Google has agreed to settle an 11-year-old privacy battle over allegations that its search engine leaked users' personal data by including their queries in “referer headers” -- the information Google automatically transmitted with outbound traffic.
News of the settlement was disclosed in papers filed Wednesday with U.S. District Court Judge Edward Davila in San Jose, California. Terms haven't yet been revealed.
If accepted by Davila, the deal will resolve a legal battle dating to 2010, when web users who said they had typed their names into Google's search engine sued the company.
They alleged that Google's transmission of their names, combined with other information, could effectively identify them to the companies they visited. (Google no longer transmits search queries when people click on links in the results.)
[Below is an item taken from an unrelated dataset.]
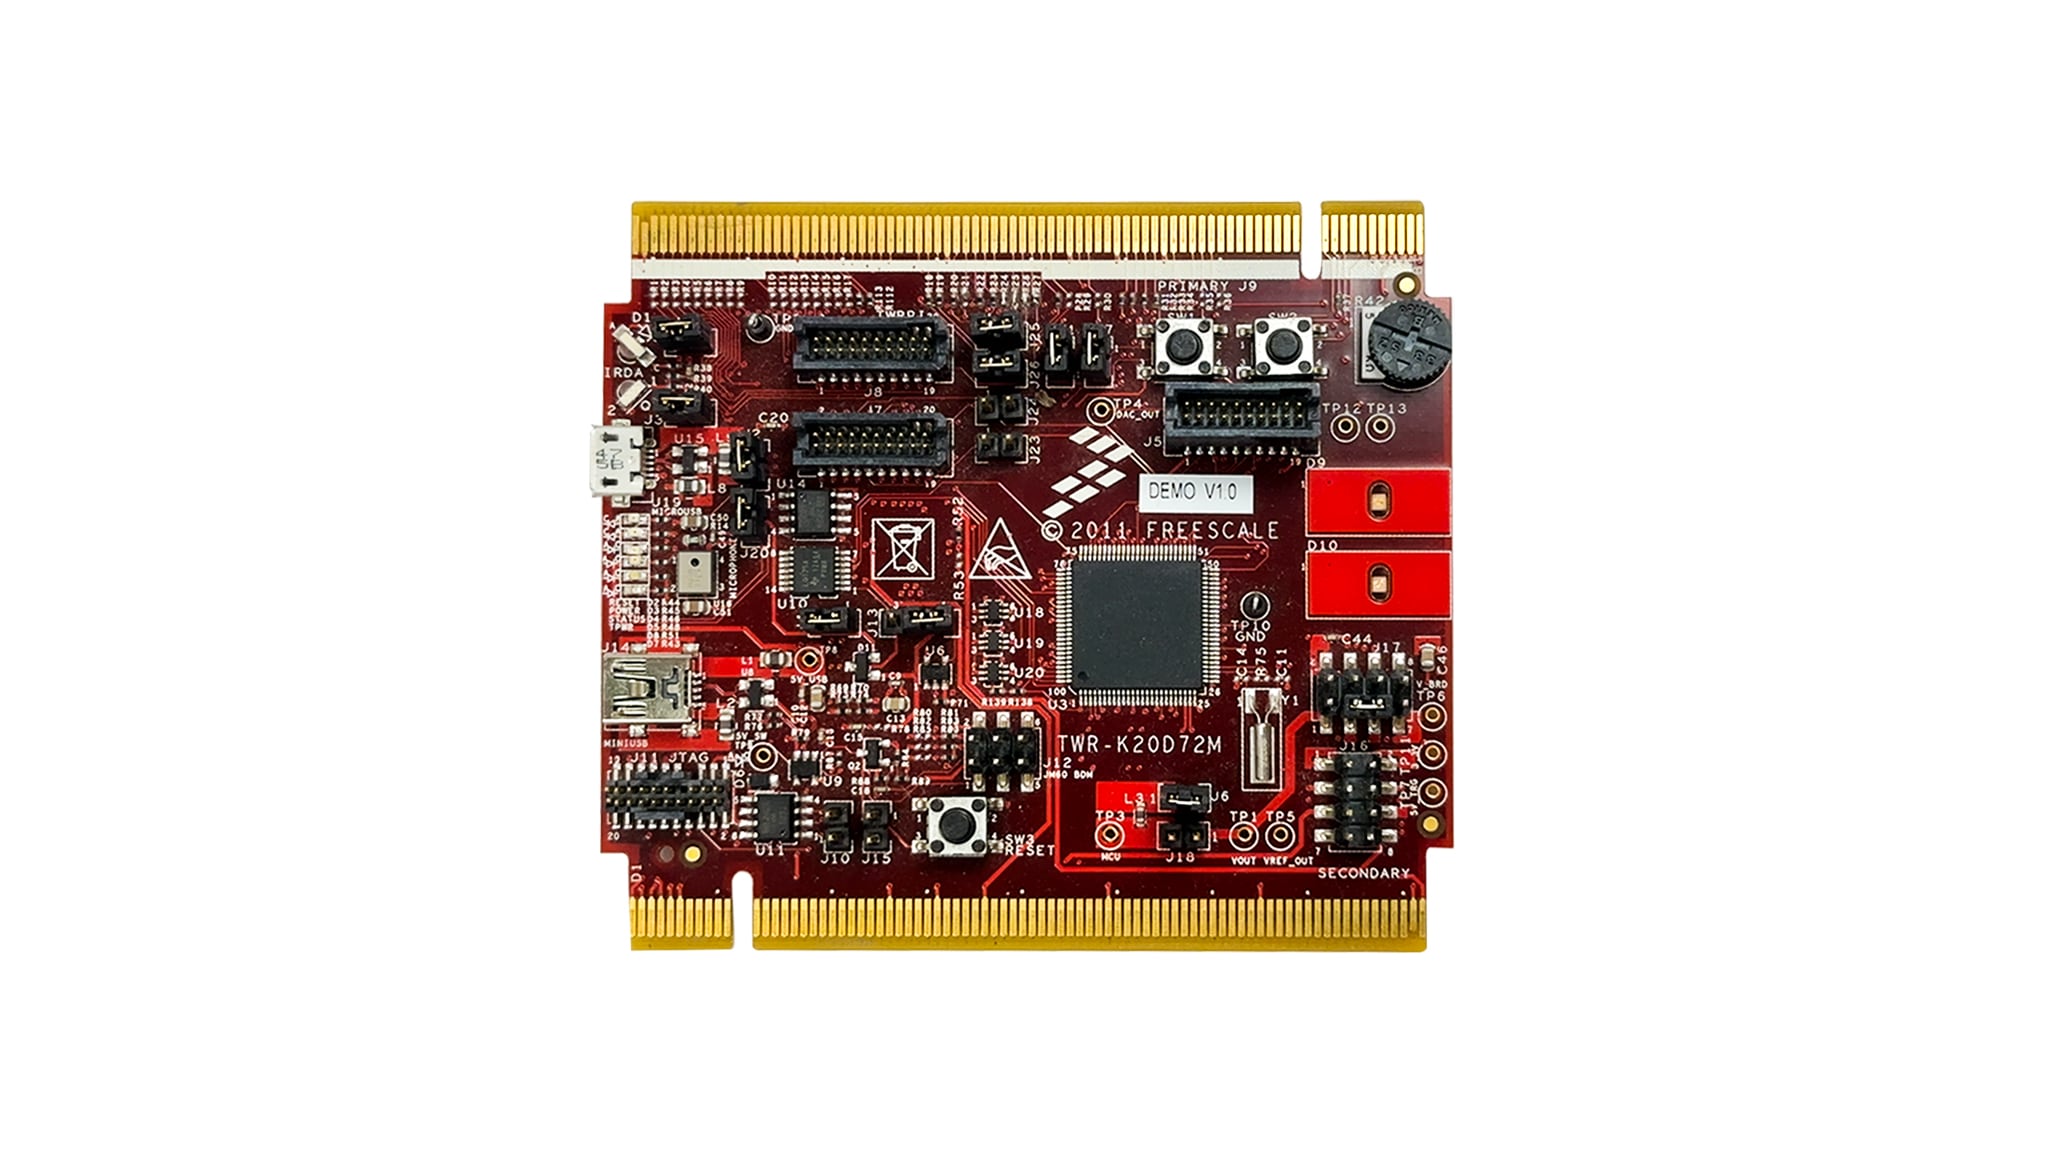 Freescale Tower TWR-K20D72M Evaluation Board

In 2013, Google agreed to resolve the allegations by donating $5.3 million to six nonprofits and schools, and more than $2.1 million to the attorneys who brought the lawsuit.
Ted Frank -- founder of the Center for Class Action Fairness -- challenged that deal, arguing that it didn't adequately compensate Google's users.
Two years ago the Supreme Court returned the case to the trial court, with instructions to decide whether the allegations, if proven true, would show that Google caused a concrete harm to users by transmitting their search queries to publishers.
Davila ruled last year that the users could proceed with several claims, including that Google violated the federal wiretap law and that it broke its privacy promises.
He said in the ruling that those allegations, if proven true, could support a finding that Google violated users' “concrete legal rights.”
Google subsequently urged Davila to throw out the claims for several reasons, including that their allegations were too speculative.
“When it comes to harm ... plaintiffs only speculate about something they do not allege ever happened: that some unidentified third-party website somehow used a referer header -- passed on to it when a plaintiff clicked through to its site -- to connect that plaintiff with search terms entered into Google Search,” the company wrote.
“No plaintiff alleges that any referer header by itself revealed the searcher’s identity,” Google added. “Without allegations plausibly establishing that anyone linked any plaintiff’s identity to search terms disclosed in a referer header, the chance of harm is infinitesimal, no matter how sensitive the search term might be.”
Google and the consumers reached a settlement before Davila ruled on the company's argument.